As many employers know, California Supplemental Paid Sick Leave (SPSL) for COVID-19 was set to expire on September 30, 2022. However, on September 29, Governor Newsom signed Assembly Bill No. 152 (AB 152), extending SPSL through December 31, 2022.  AB 152 was an urgency bill, which means it took effect upon signature of the Governor.

What is SPSL Again?

SPSL applies to employers with 26 or more employees. Employees who are unable to work or telework due to certain reasons related to COVID-19 are entitled to up to 40 hours of SPSL. They may also take up to 40 additional hours of SPSL if the employee, or a family member for whom the covered employee is providing care, tests positive for COVID-19.

Importantly, AB 152 only extends the eligibility period for SPSL; it does not expand an employee’s leave entitlement or create a new leave bank. Employees who have previously exhausted their SPSL are not entitled to additional SPSL under this bill.

Did AB 152 Make Any Changes to SPSL?

Yes, under the prior version of SPSL, an employer could deny SPSL if the employee refused to submit documentation of a COVID test result. AB 152 expands this entitlement to allow employers to deny a request for SPSL if the employee refuses to submit to a COVID test at all.

The bill also authorizes the employer to require, if a COVID-19 diagnostic test is positive, the employee to submit to a second diagnostic test after 24 hours of taking the first test. Employers are required to provide both tests at no cost to the employee.

Is Government Aid Available to Assist Small Business with Providing SPSL?

Yes, this bill created the California Small Business and Nonprofit COVID-19 Relief Grant Program to assist qualified small businesses or nonprofits that  incur costs for COVID-19 SPSL. The program provides grants up to $50,000 to qualified small businesses and nonprofits., which include:: (1) businesses registered as a “C” corporation, “S” corporation, cooperative, limited liability company, partnership, or limited partnership and nonprofits registered as 501(c)(3), 501(c)(6), or 501(c)(19) organizations; (2) who began operating before June 1, 2021; (3) are currently active and operating; (4) have 26 to 49 employees; (5) have provided COVID-19 SPSL pursuant to the requirements of the Labor Code; and (6) provide the required documentation with their application.
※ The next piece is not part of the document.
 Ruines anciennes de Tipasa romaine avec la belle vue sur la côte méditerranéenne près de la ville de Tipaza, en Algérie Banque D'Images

 Is This SPSL Extension Final ?

Maybe not. Cal/OSHA’s Emergency Temporary Standards (ETS) are set to expire December 31, 2022. However, Cal/OSHA has published a proposed rule that would extend the ETS through 2024. Yet, this rule is not final and Cal/OSHA does not have another meeting scheduled regarding the new rule. Employers should continue to comply with the current ETS through December 31, 2022 and monitor the status of the proposed ETS that may replace the current ETS to ensure compliance.

Did any other COVID Related Bills Pass?

Yes,  AB 2693 extends an employer’s statutory COVID-19 exposure notice requirements until January 1, 2024. Under the prior bill (AB 685), employers were required to provide written notice to employees and others who may have been exposed to COVID-19 in the workplace within one business day. AB 2693 allows an employer to satisfy the requirement by posting a notice of the COVID exposure in a prominent location where workplace rules and regulations are typically displayed. The notice should include the date and location of the confirmed COVID-19 exposure. There are record keeping requirements for the notice as well.
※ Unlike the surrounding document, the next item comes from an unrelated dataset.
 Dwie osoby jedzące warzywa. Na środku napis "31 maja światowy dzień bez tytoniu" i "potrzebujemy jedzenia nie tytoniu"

Additionally,  AB 1751 similarly extends the “rebuttable presumption” established for COVID-19 workers’ compensation benefits -19 to January 1, 2024. The rebuttable presumption is that certain COVID-19 exposures arose out of and in the course of the employment, and is compensable via the worker’s compensation system. Previous legislation (SB 1159) established a rebuttable presumption that some COVID-19 cases are work-related under certain outbreak circumstances and required employers to provide information about COVID-19 cases to their workers’ compensation claims administrator. AB 1751 extends these requirements until January 1, 2024.

Have Questions?

The attorneys at Duggan McHugh are available to help employers with any questions or compliance concerns they have regarding SPSL. Contact us to discuss.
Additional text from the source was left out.